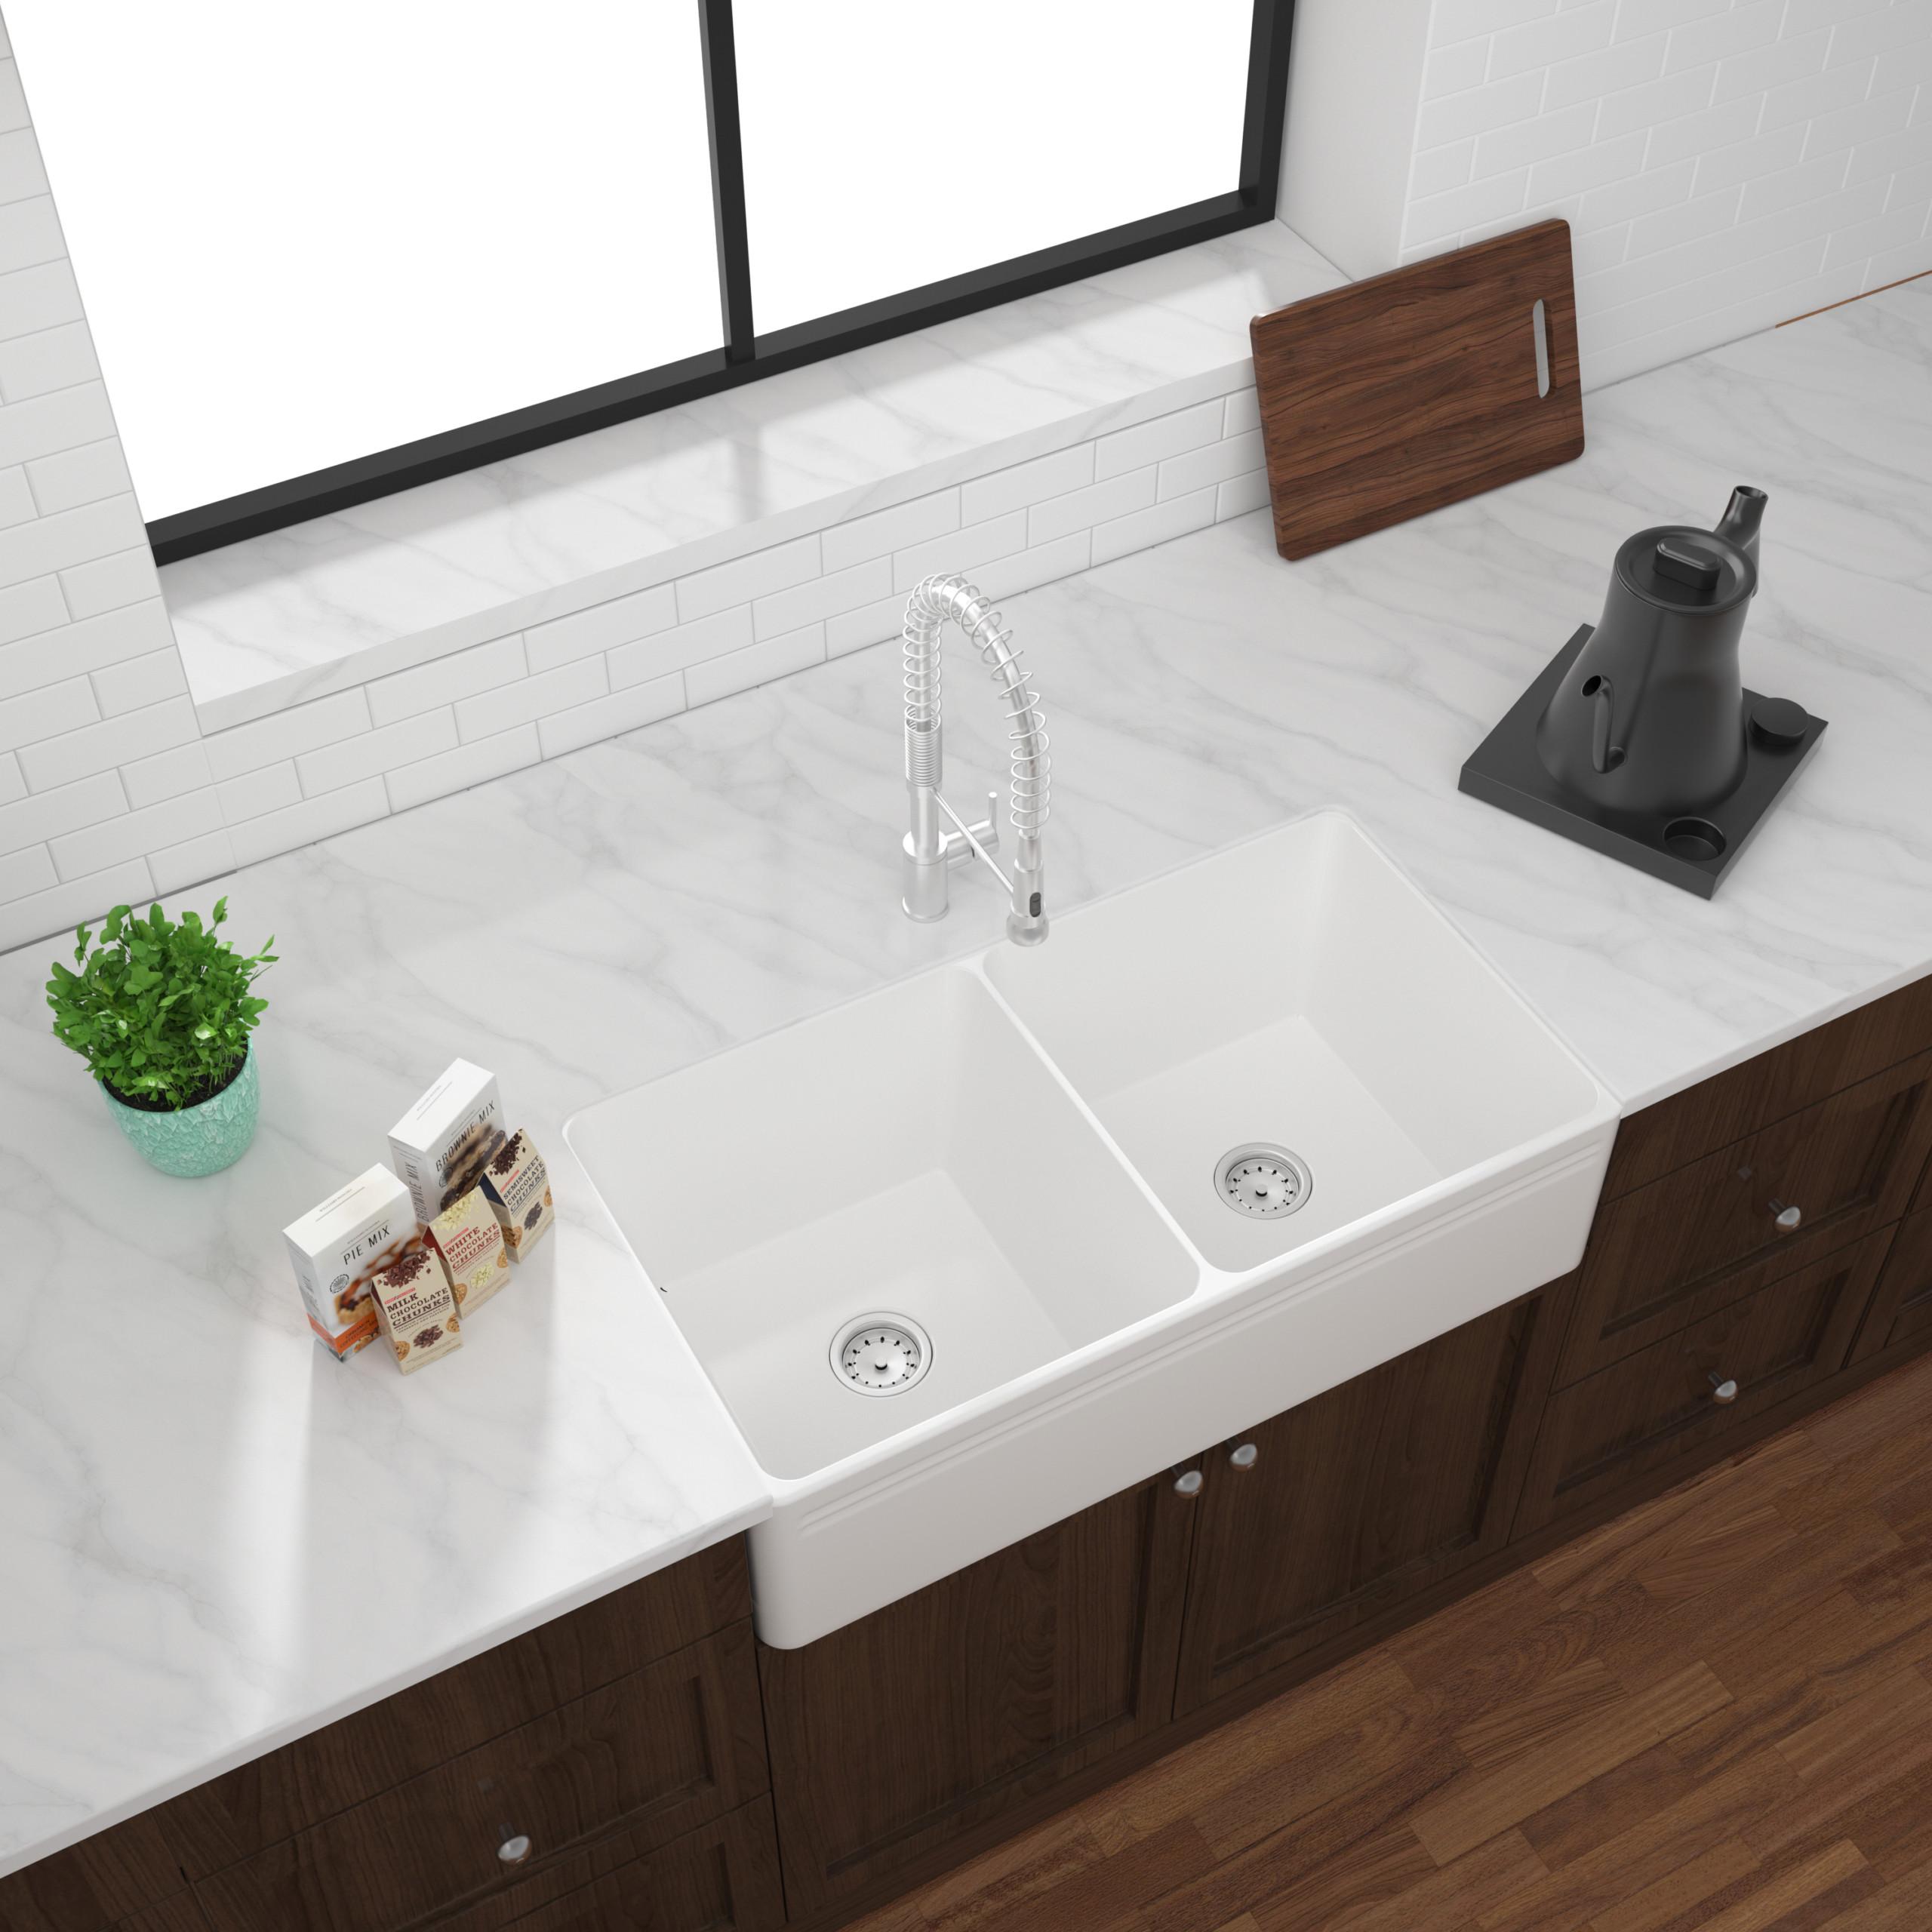 As243 33 25 X 18 X 10 10 Double Bowl Apron Porcelain Kitchen Sink Amerisink
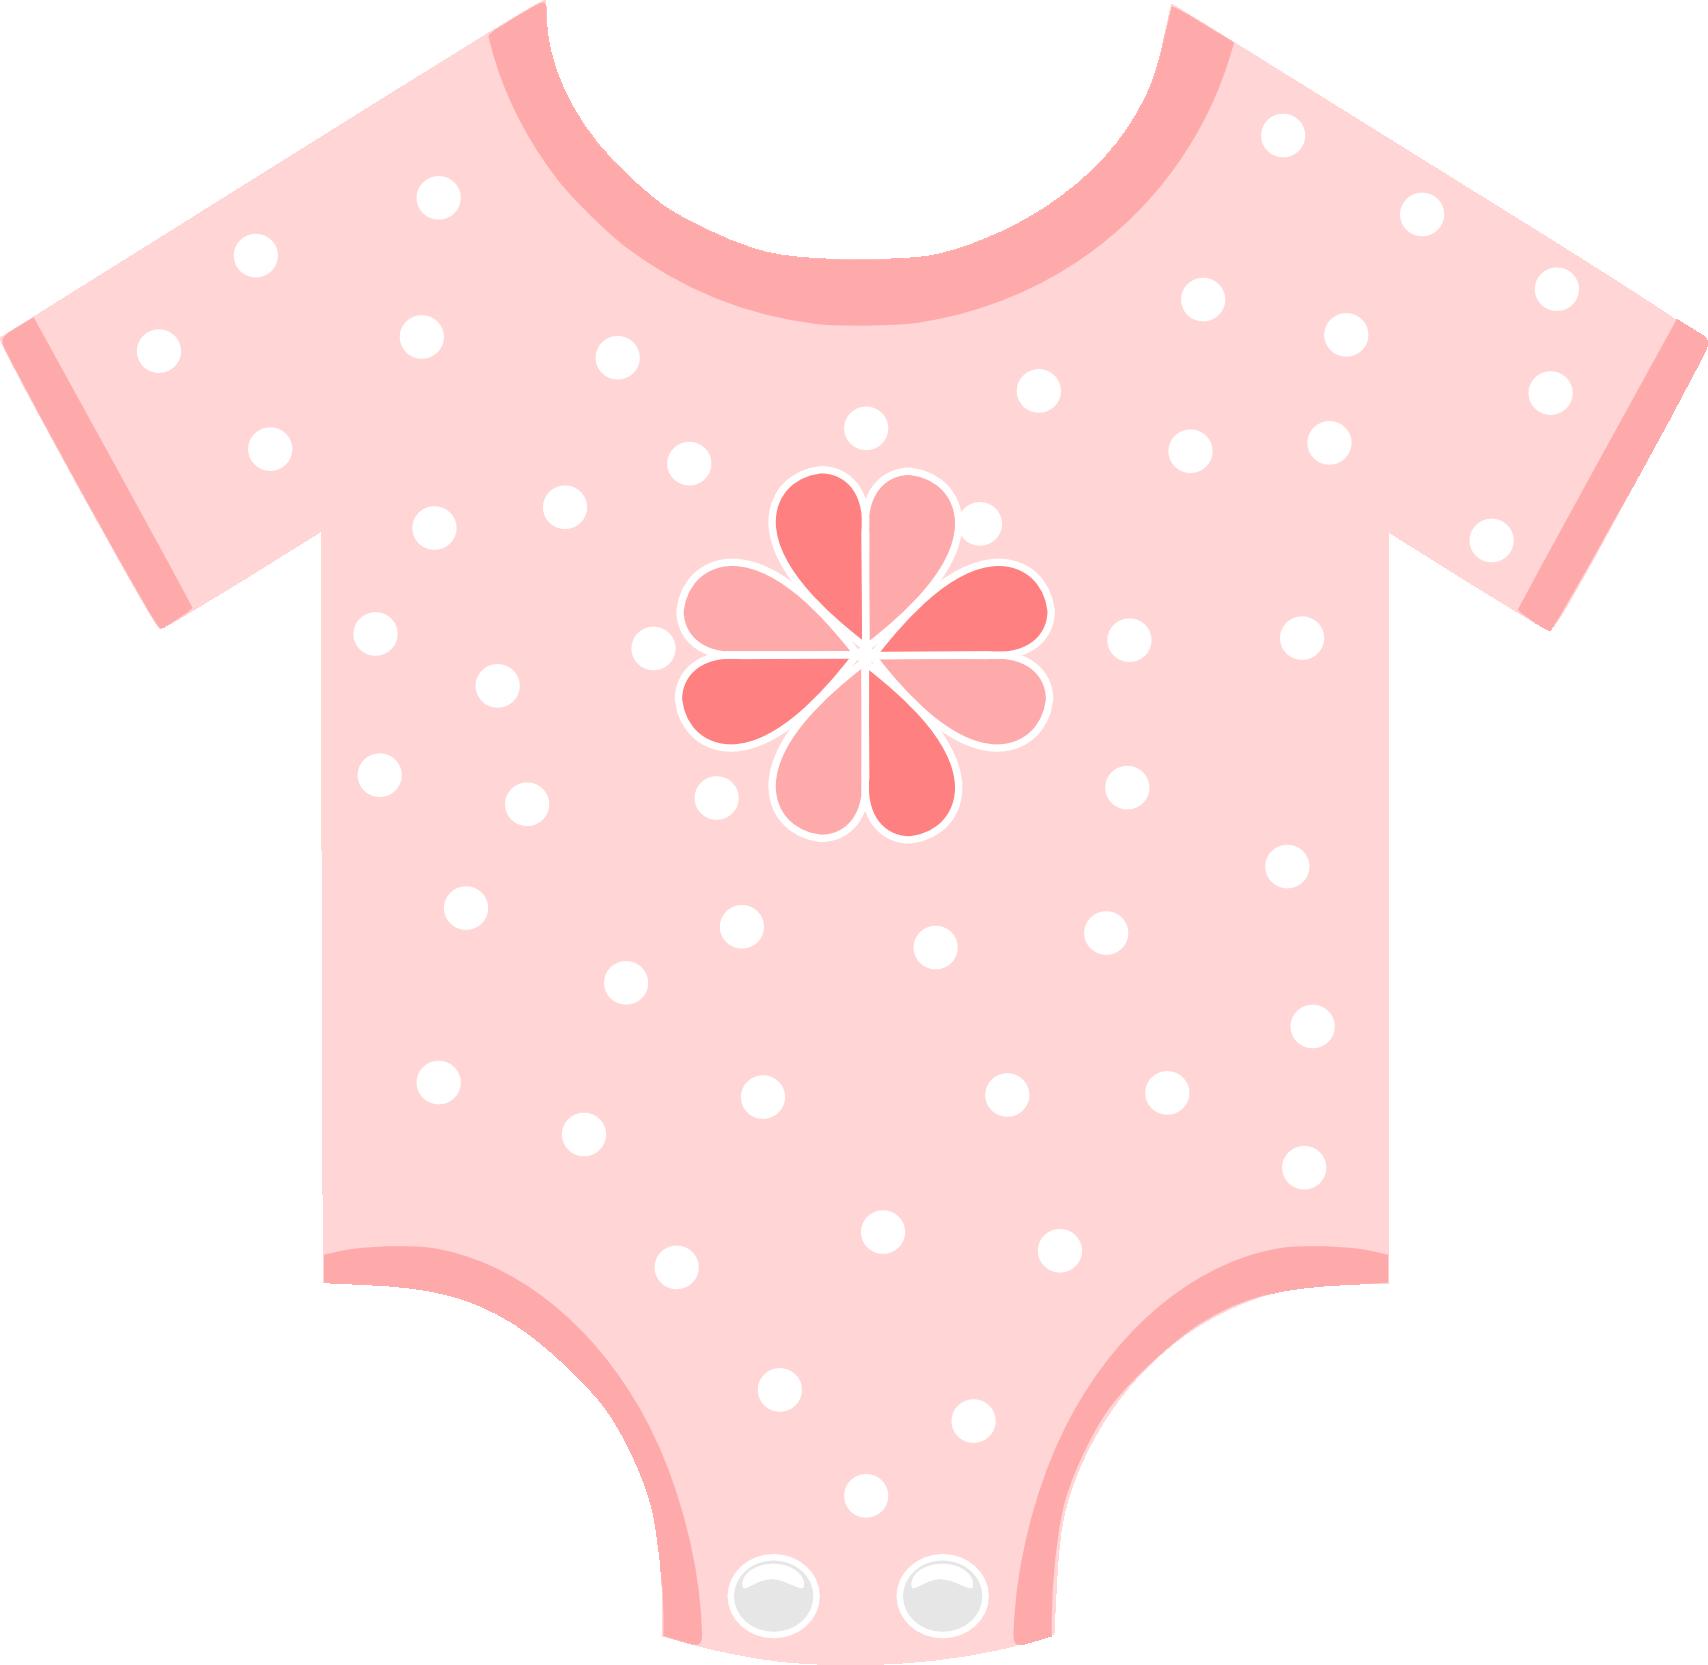 pin de marina em ch de beb iv pinterest ch s de beb ch s e beb s. Black Bedroom Furniture Sets. Home Design Ideas
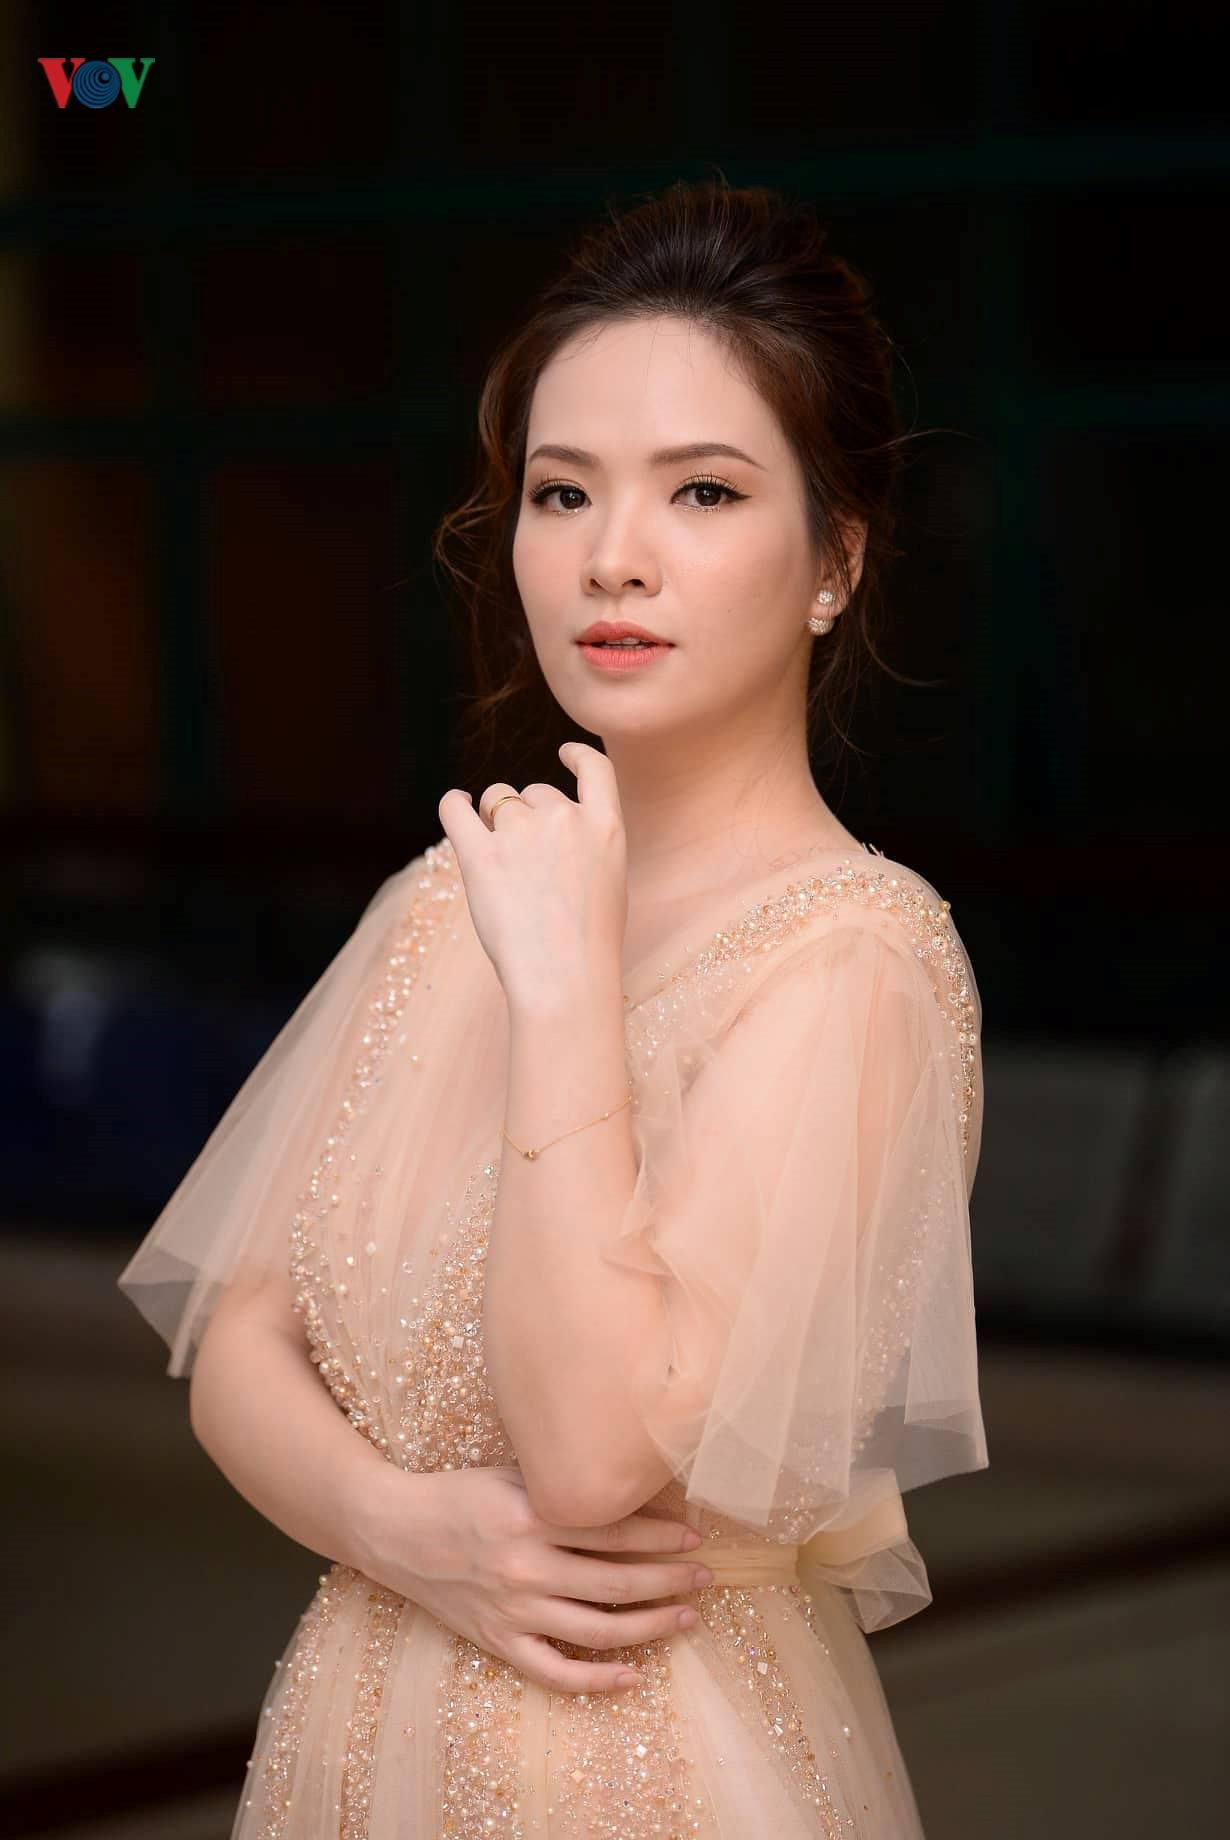 Đan Lê hóa công chúa, tình tứ bên ông xã trên thảm đỏ Cánh Diều 2018 Ảnh 5

▶ **REQUIREMENT**:
Return every line above word for word, minus images.

▶ **TASK RESULT**:
 As243 33 25 X 18 X 10 10 Double Bowl Apron Porcelain Kitchen Sink Amerisink
 pin de marina em ch de beb iv pinterest ch s de beb ch s e beb s. Black Bedroom Furniture Sets. Home Design Ideas
 Đan Lê hóa công chúa, tình tứ bên ông xã trên thảm đỏ Cánh Diều 2018 Ảnh 5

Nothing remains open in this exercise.